Running the script now gives:

awk -f find_lengths.awk atlanta.gbff
Found a locus with length 5858866 bp
Found a locus with length 97037 bp

It might be helpful to sum up those lengths. We can create a variable called ‘total’ and add the numbers found in the third column. Open up the awk script and modify the contents to read

/LOCUS/ {
    print "Found a locus with length " $3 " bp"
    sum += $3
}

END {
    print "Total: " sum " bp"
}

We’ve written a new block here. Our first block uses the /LOCUS/ matcher so it is run every time awk finds a line that matches “LOCUS”. The END block is a special block that is run only once - when awk reaches the end of the input file. There is a similar optional BEGIN block run once at the beginning, but we have no use for that in our example.

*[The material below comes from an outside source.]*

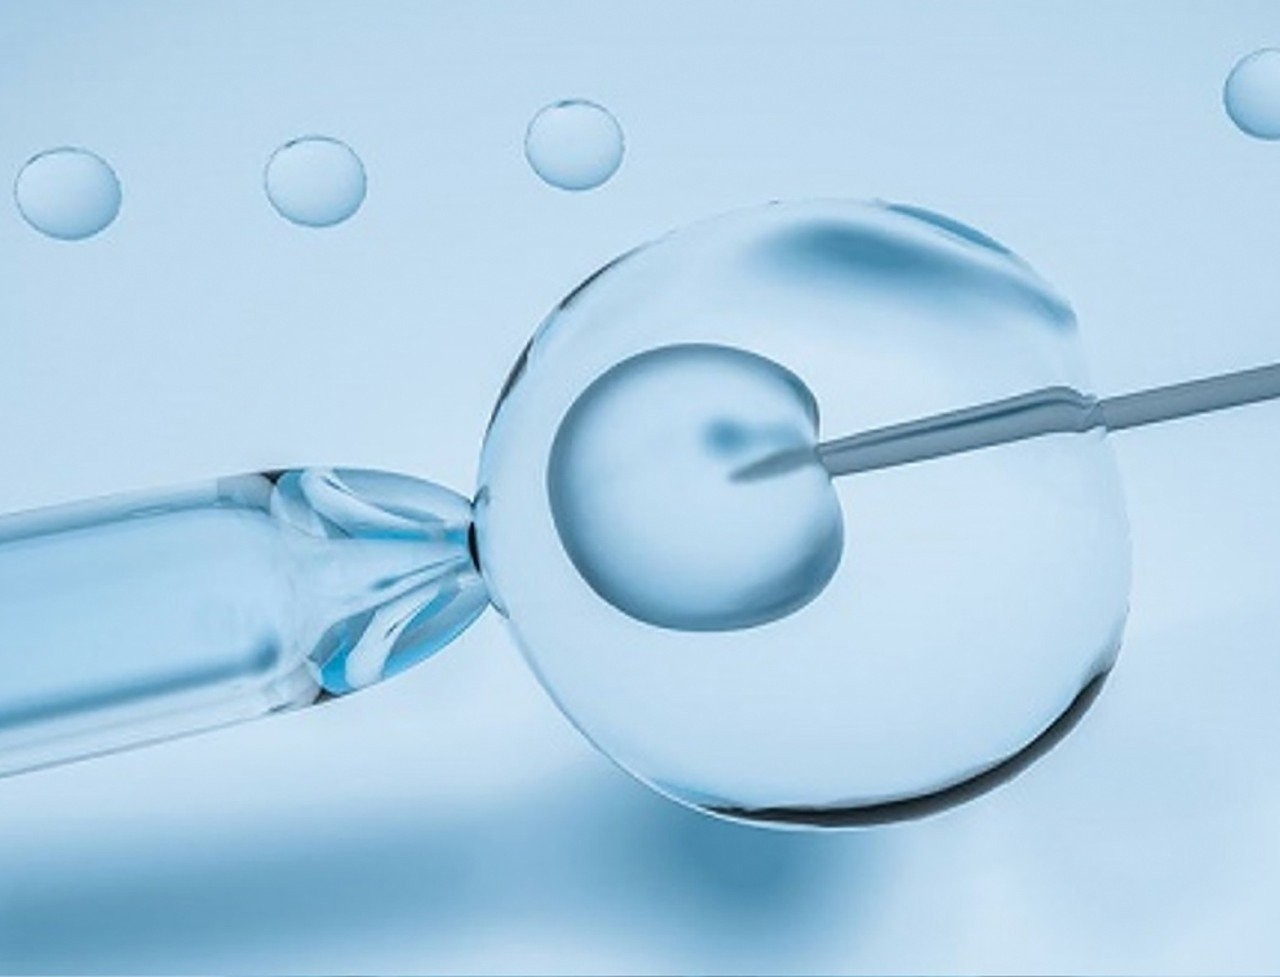 drvasilopoulos-in-vitro-fertilization-research-b.jpg

Running the script now gives:

awk -f find_lengths.awk atlanta.gbff
Found a locus with length 5858866 bp
Found a locus with length 97037 bp
Total: 5955903 bp

I think that this script is a little bit too long and verbose. Let’s clean it up a little to read simply:

/LOCUS/ {sum += $3}
END {print sum}

This gives us just the total length for a file:

awk -f find_lengths.awk atlanta.gbff
5955903

It is actually not even necessary to write our awk command in a separte file. Our script is short enough that we might even just want to write it in-line inside a command:

awk '/LOCUS/{sum += $3} END{print sum}' atlanta.gbff
5955903

Exercise: Can you write a command or a bash script to find the genome with the smallest total size?

Key Points

  1. Save commands in files (usually called shell scripts) for re-use.
  2. bash [filename] runs the commands saved in a file.
  3. $@ refers to all of a shell script’s command-line arguments.
  4. $1, $2, etc., refer to the first command-line argument, the second command-line argument, etc.
  5. Place variables in quotes if the values might have spaces in them.
  6. Letting users decide what files to process is more flexible and more consistent with built-in Unix commands.